The world’s population was witnessing the ravages of war, the fear of atomic blasts and the confusion of post-war rebuilding.
A superhero helped individuals feel secure, strong and guided.
The “Human Torch,” “Angel,” “Captain Marvel,” “Flash” and “Green Lantern” were just some of the characters to come out of this era.
The comic book industry reached the peak of popularity in the mid-1940s.
During this time period, more than 1 million copies of comic books sold monthly, with such titles as “Superman,” “Batman” and “Captain Marvel.”
After World War II, in post-war America, more serious themes were seen in the comic book genre, as sales plummeted as a world returned to normal tasks.
Themes such as horror, crime, romance and Westerns became more popular.
Tried-and-true characters, such as “Wonder Woman,” “Superman,” “The Flash” and other popular characters still retained a faithful audience, even with dropping margins.
In 1954, a psychiatrist named Fredric Wertham wrote a book Seduction of the Innocent, claiming comic books were corrupting the youth and the US. Members of Congress were alarmed at his claims, and even had him testify in a Senate Subcommittee on Juvenile Delinquency.
The result was that many restrictions were placed on the comic book industry, that lasted, in some instances, well into the 1980s.
Some of the restrictions were, “In every instance good shall triumph over evil,” or “if crime is depicted it shall be as a sordid and unpleasant activity,” and “no cannibalism, ghouls or vampires.”
Horror, goulish, provocative or different comics were cancelled or discontinued during the “Silver Age” of comics, and superheroes with campy storylines became more of the norm.

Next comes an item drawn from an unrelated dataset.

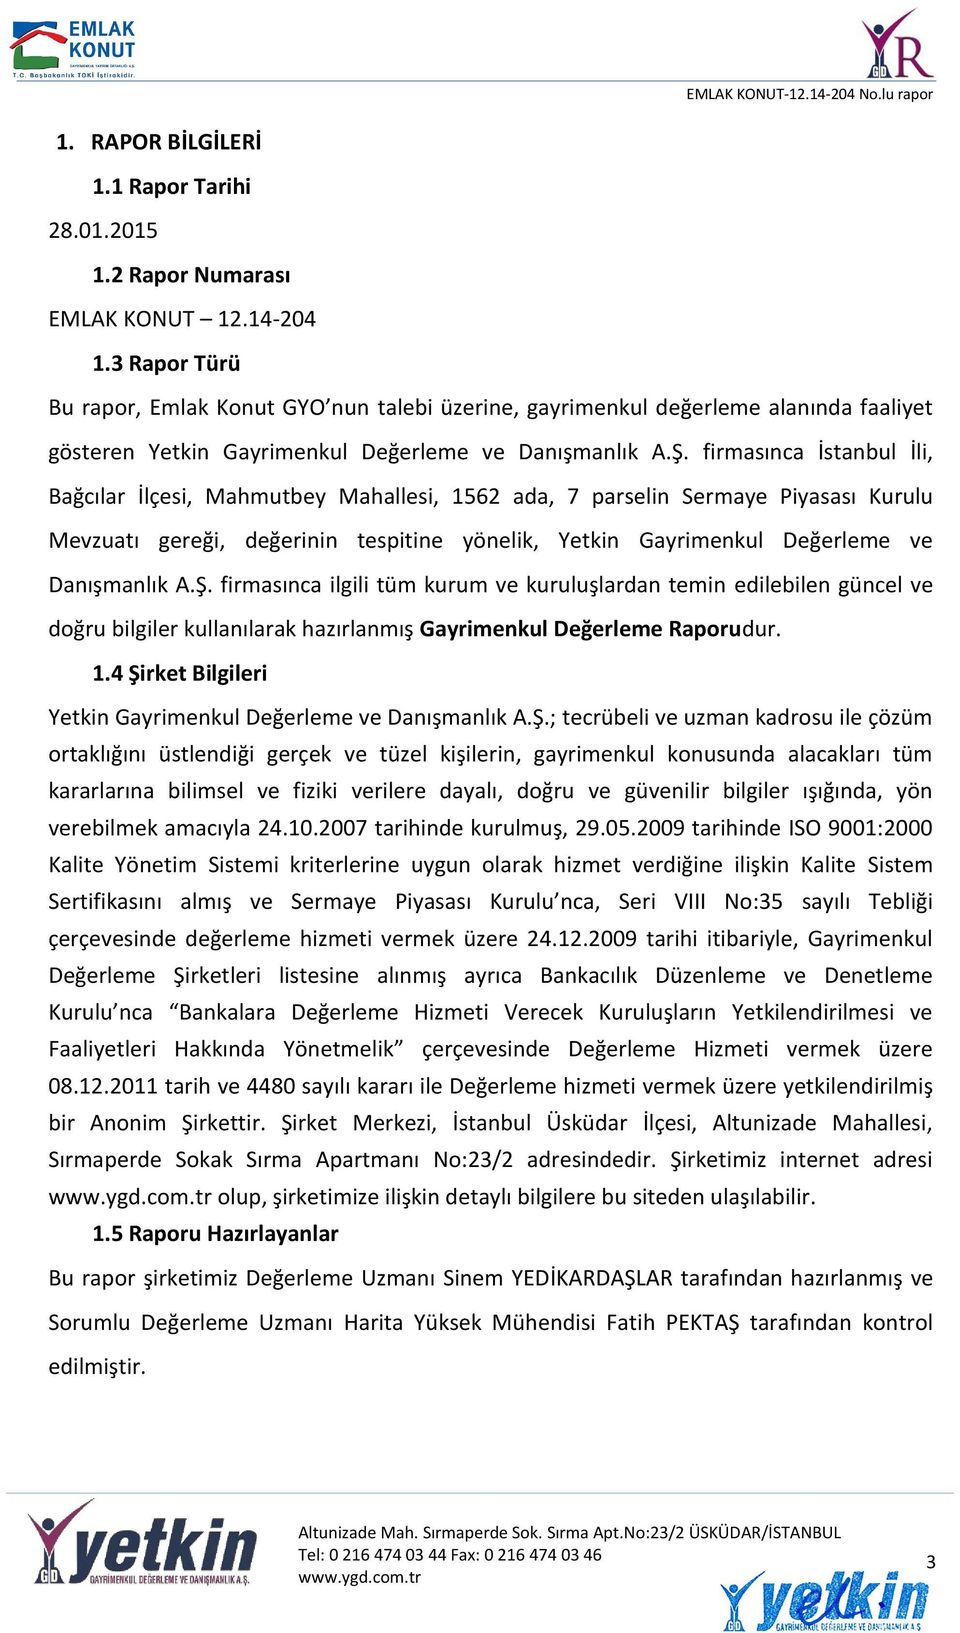 firmasınca İstanbul İli, Bağcılar İlçesi, Mahmutbey Mahallesi, 1562 ada, 7 parselin Sermaye Piyasası Kurulu Mevzuatı gereği, değerinin tespitine yönelik, Yetkin Gayrimenkul Değerleme ve Danışmanlık A.

Antique dealers and people who collect comic books look for various things when buying and selling them.
A few things are condition of the pages, was the book kept in a cover, the size of the comic (older comics measured differently than newer ones), the price on the comic, and if it has been read.
There are now companies that will professionally grade comics and put a seal on the encapsulation to ensure authenticity and evaluated condition.
Comic books have held the fascination of the world for more than a hundred years with stories of superheroes, valor, bravery, hauntings and stories that fascinate as well as thrill.
With relevant historical themes, relatable issues and colorful, tangible pages, the creators of comic books successfully drive collectors of today to search for yesteryear’s tales in a lucrative form.